By the time halftime arrived, they had closed out the second quarter with a 15-5 run to lead 57-38.

“It was fun getting out there playing (with the first unit),” Morris told NBC Sports Boston. “I’ve been practicing with the second team a lot so I’m not sure what’s going to happen. Either way, I have to approach the game as a pro; starting or coming off (the bench). I’d rather be starting, but I gotta do what’s best for the team whatever that’s gonna be.”

 

Heading into this fifth season as the Celtics head coach, Brad Stevens has not had a roster with this kind of depth or versatility.

Because of that, the Celtics may have starting lineups that are opponent-specific instead of a set starting five.

Boston played four preseason games and had a different starting lineup in each game, and yet still managed to win all four games.

Morris’ desire to be a starter makes sense considering he hasn’t come off the bench in a regular season game since March 9, 2015 against Golden State.

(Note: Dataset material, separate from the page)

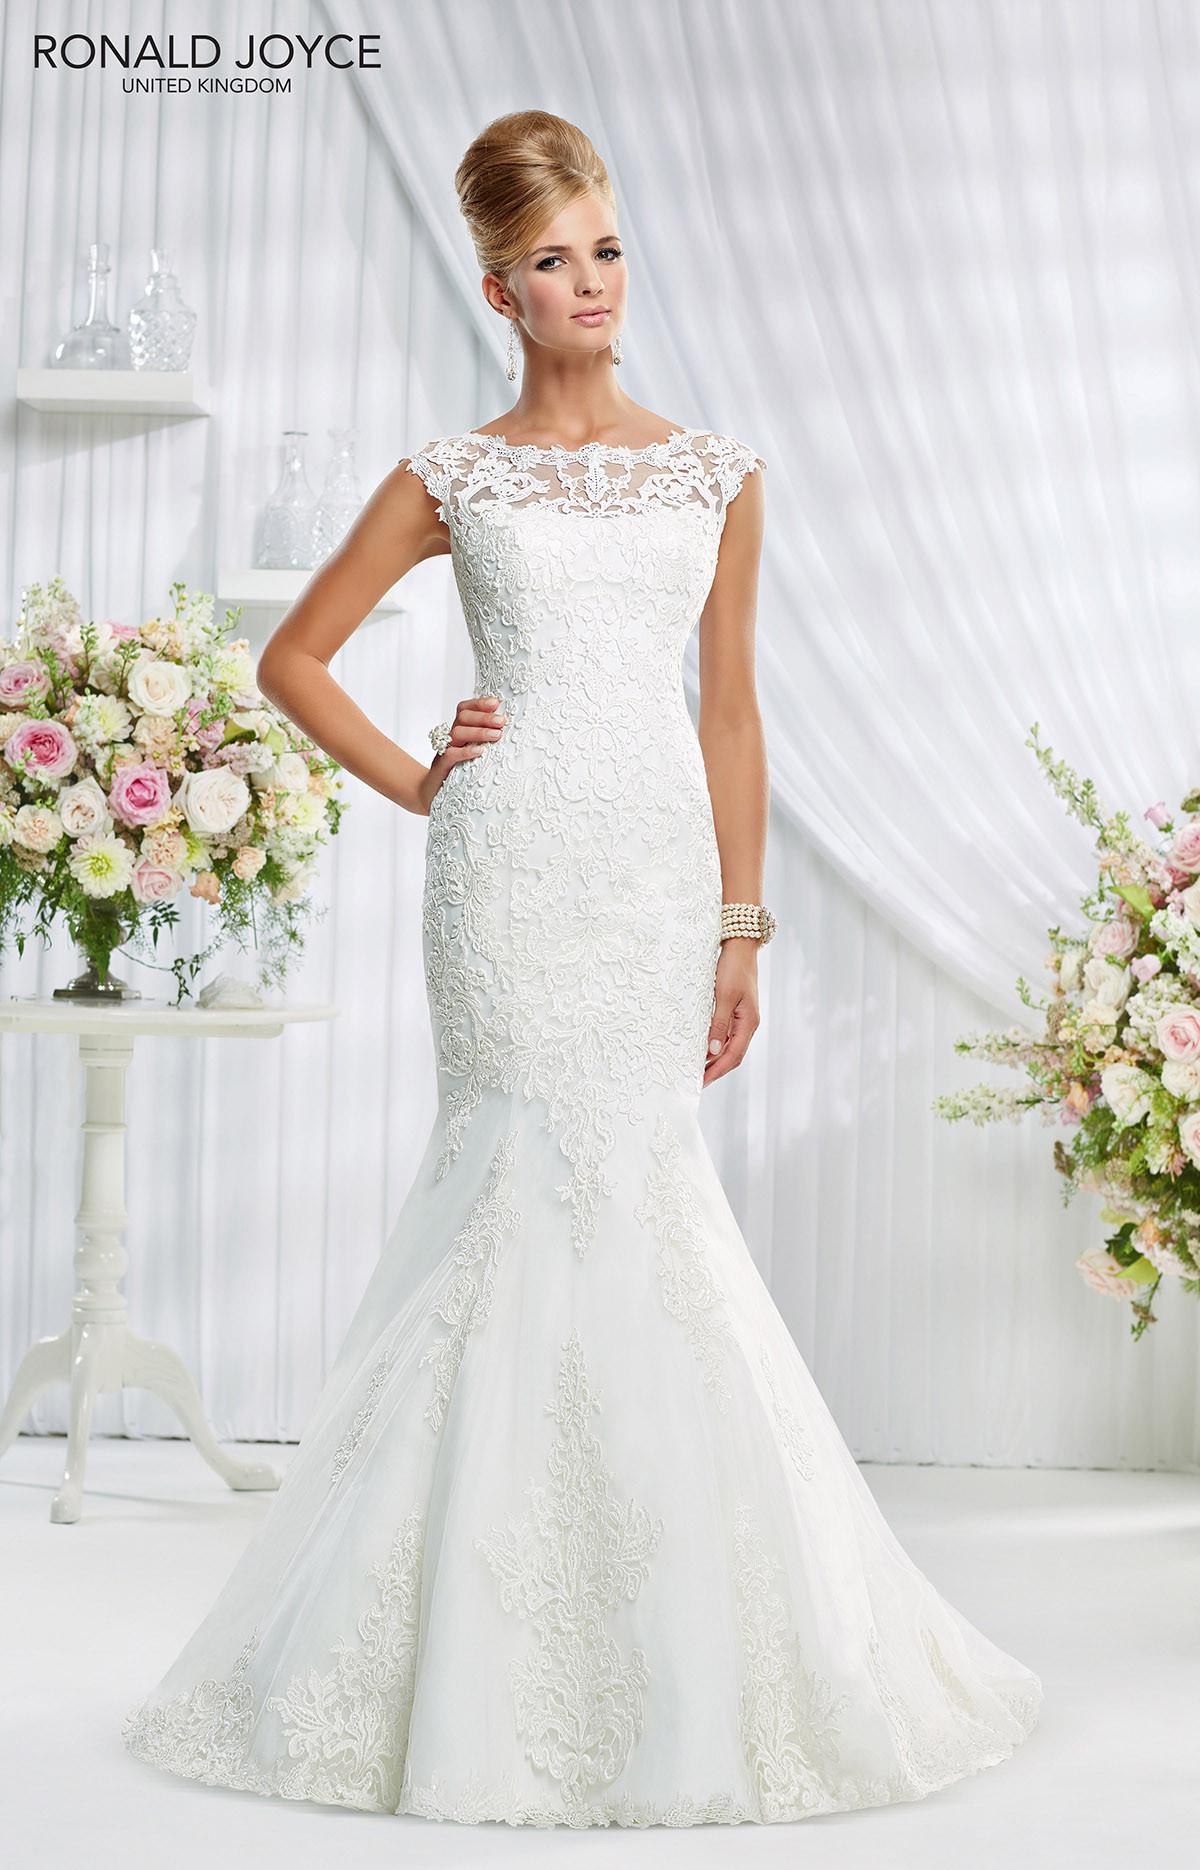 Ronald Joyce Bridal gown Eleanor 69013

And at 6-foot-9 with the ability to play inside-outside basketball and defend most power forwards and still switch out from time to time on bigs and wing players, Morris’ versatility fits in well with the type of lineups that the Celtics are looking to find success with this season.

Plus, having Morris start at power forward would mean Al Horford shifting over to center.

Last season, the Celtics had quite a bit of success when Horford was playing in the middle and, because of Horford’s ability to stretch the floor, often led to better spacing for Horford’s teammates and opportunities for the 6-10 Horford to score.

“The way our game has changed, power forward and center are so much more interchangeable now,” Horford told NBC Sports Boston. “My approach to that is the same now as it’s always been; I’ll do whatever has to be done in order to help our team win games.”

And while Morris’ desire to remain a starter is undeniable, he understands circumstances are such that coming off the bench may be the best thing for him and the Celtics right now.

“I did miss training camp and (most of the) preseason,” Morris said.

But by no means would he be resigned to the idea that he’ll be a key reserve all season.

“I would just work my way back into it,” he said. “If I’m playing, I sure hope I do start. But that’s a decision that he (head coach Brad Stevens) makes. However it is, I’m gonna be a pro and approach the game the same way and do what my team needs me to do, to win.”